Despite the growing scandal surrounding oligarch Ihor Kolomoisky’s attempts to denationalise Privatbank, Ukraine’s Verkhovna Rada pushed ahead with its hectic legislative programme and passed more pro-reform laws.
The Kyiv Economic Court was supposed to rule in a case brought by Kolomoisky questioning the legitimacy of the National Bank of Ukraine (NBU) to privatise Privatbank, then Ukraine’s biggest commercial bank. The ruling was originally due on October 9, the day before Ukrainian President Volodymyr Zelenskiy gave his first marathon press conference.
The hearing was delayed again after protestors gathered outside the court room to protest against the case, which is widely believed to be biased in Kolomoisky’s favour. The Kyiv Post reported last week that lawyers acting for Privatbank, which is now owned by the state, have complained that the judge is blatantly biased to his benefit.
There were also reports of a bomb planted at the courthouse.
The case is increasingly seen as a litmus test for Zelenskiy whose honeymoon with international institutions is over. His lack of a clear statement has led the International Monetary Fund (IMF) to suspend talks on a new Extended Fund Facility (EFF) that the government was hoping to quickly rush through after taking power in August to help attract investment.
Privatbank just won an important victory in another case in London, where the court of appeal upheld a decision to freeze $2bn worth of Kolomoisky and his partners’ assets. Assets were seized as part of the lender’s efforts to recover $7.2bn looted under old ownership. The bank is now free to pursue a lawsuit claiming fraud on a massive scale in which shell companies owned by shareholders emptied it of money.
“There is no difficulty with the Bank’s proving a good arguable case of a fraudulent scheme… and money laundering on a vast scale,” the judge said in his conclusions.
More reform laws passed
In the meantime the Rada continues to push through a blizzard of new pro-reform legislation.
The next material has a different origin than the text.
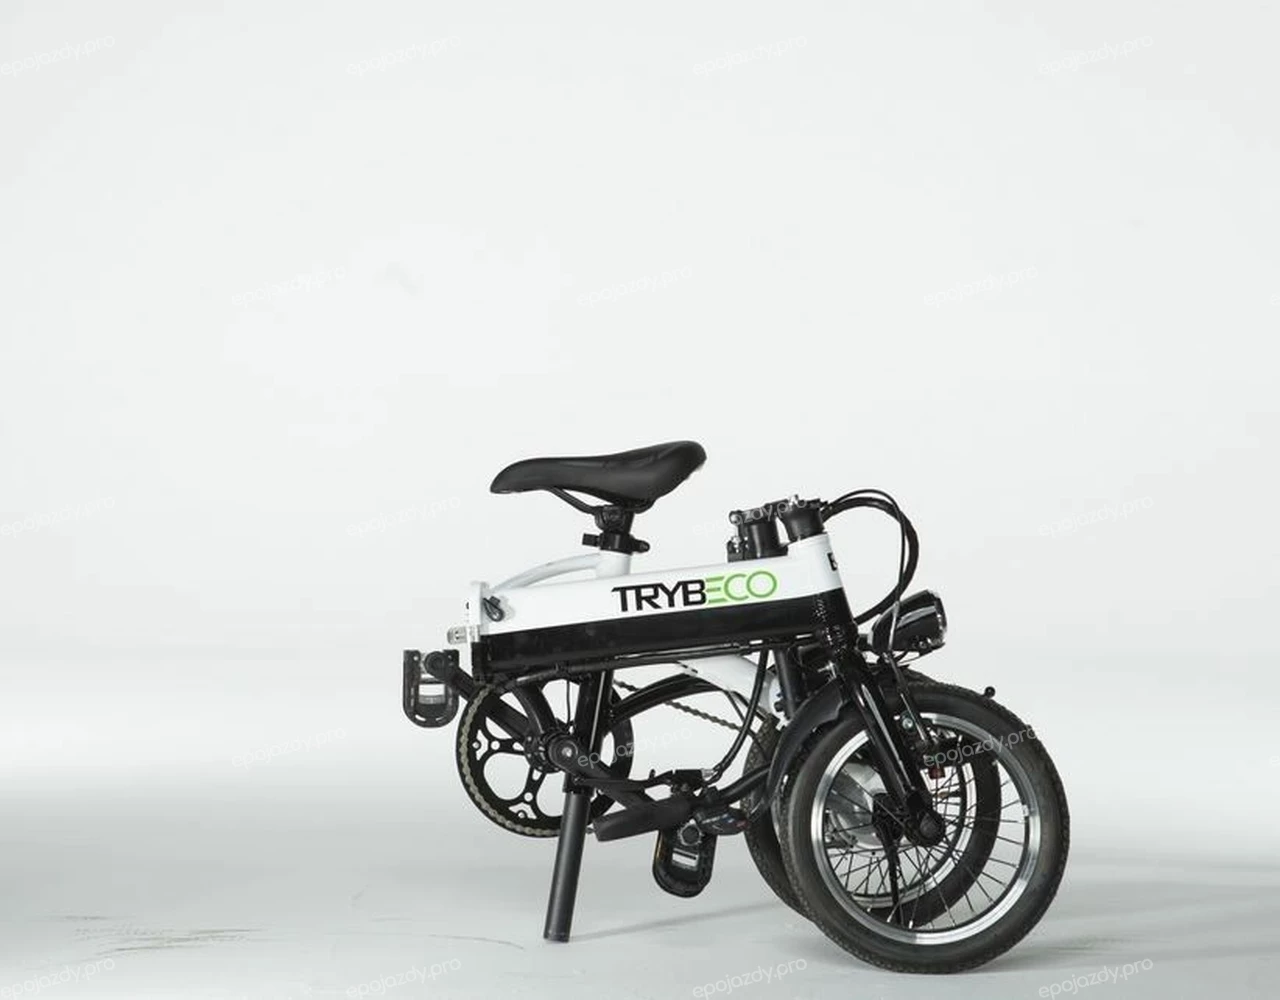 Elektryczny rower Trybeco Compacta 14 jest składany
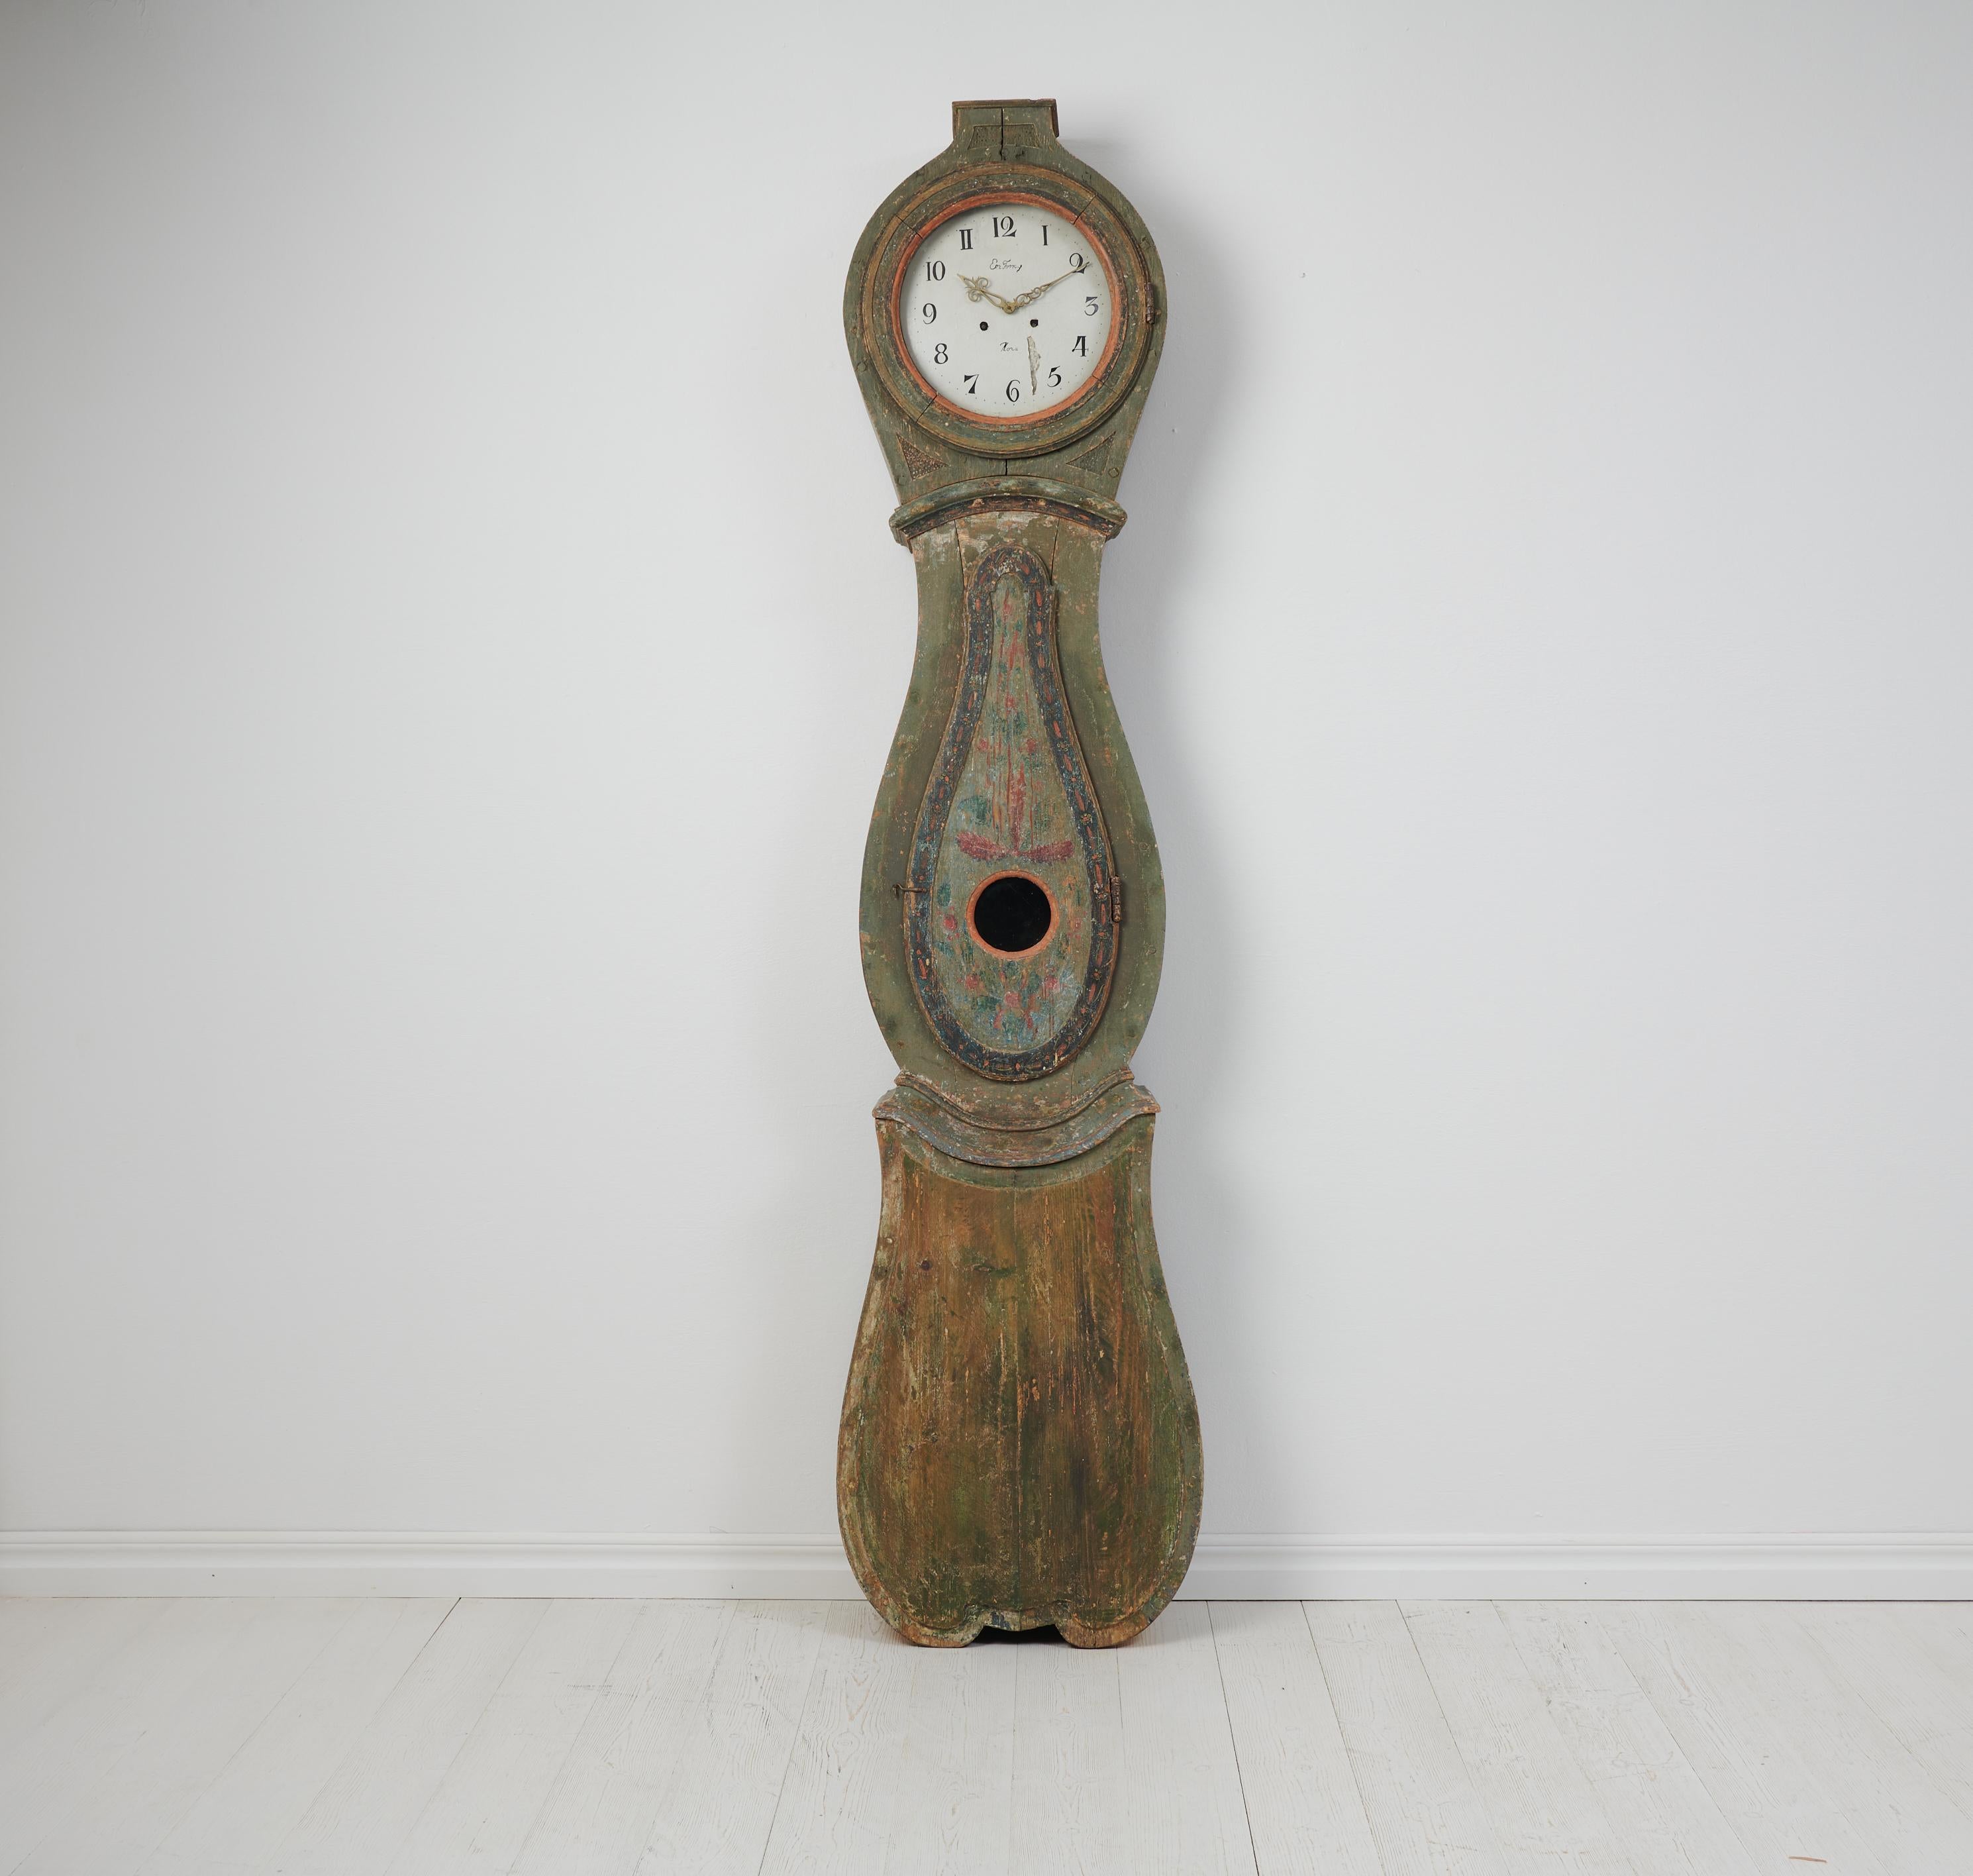 Horloge de campagne à long boîtier fabriquée en Suède au cours du 19e siècle, entre 1820 et 1840. L'horloge est un ancien meuble de campagne du nord de la Suède, fabriqué en pin suédois massif. L'horloge possède un boîtier authentique de forme

A new whistleblower law was finally passed on October 17 as part of a broad fight again endemic corruption. The Rada also passed a bill seeking to relaunch the judicial reform that the Zelenskiy administration says was sabotaged by former president Petro Poroshenko. It reviews judges’ performance in an attempt to clean out the system of corrupt judges.
The judiciary’s two governing bodies, the High Council of Justice and the High Qualification Commission of Judges, were accused of botching judicial reform and protecting corrupt judges under Poroshenko, although they denied the accusations, the Kyiv Post reported.
The bill, passed in the second of three readings, envisages replacing all the members of the High Qualification Commission of Judges, the agency that vets and hires judges. The bill also stipulates halving the number of Supreme Court judges from 200 to 100 and selecting a new, smaller Supreme Court from the existing judges.
And in another blow for justice, the National Anticorruption Bureau of Ukraine opened a criminal investigation against former Prosecutor General Yuriy Lutsenko at the request of Kyiv’s Solomyansky District Court.
Lutsenko was notorious for failing to investigate or prosecute anyone while general prosecutor under Poroshenko.
NABU’s press office confirmed reports that a case has been opened against Lutsenko and that he is under investigation for criminal abuse of office.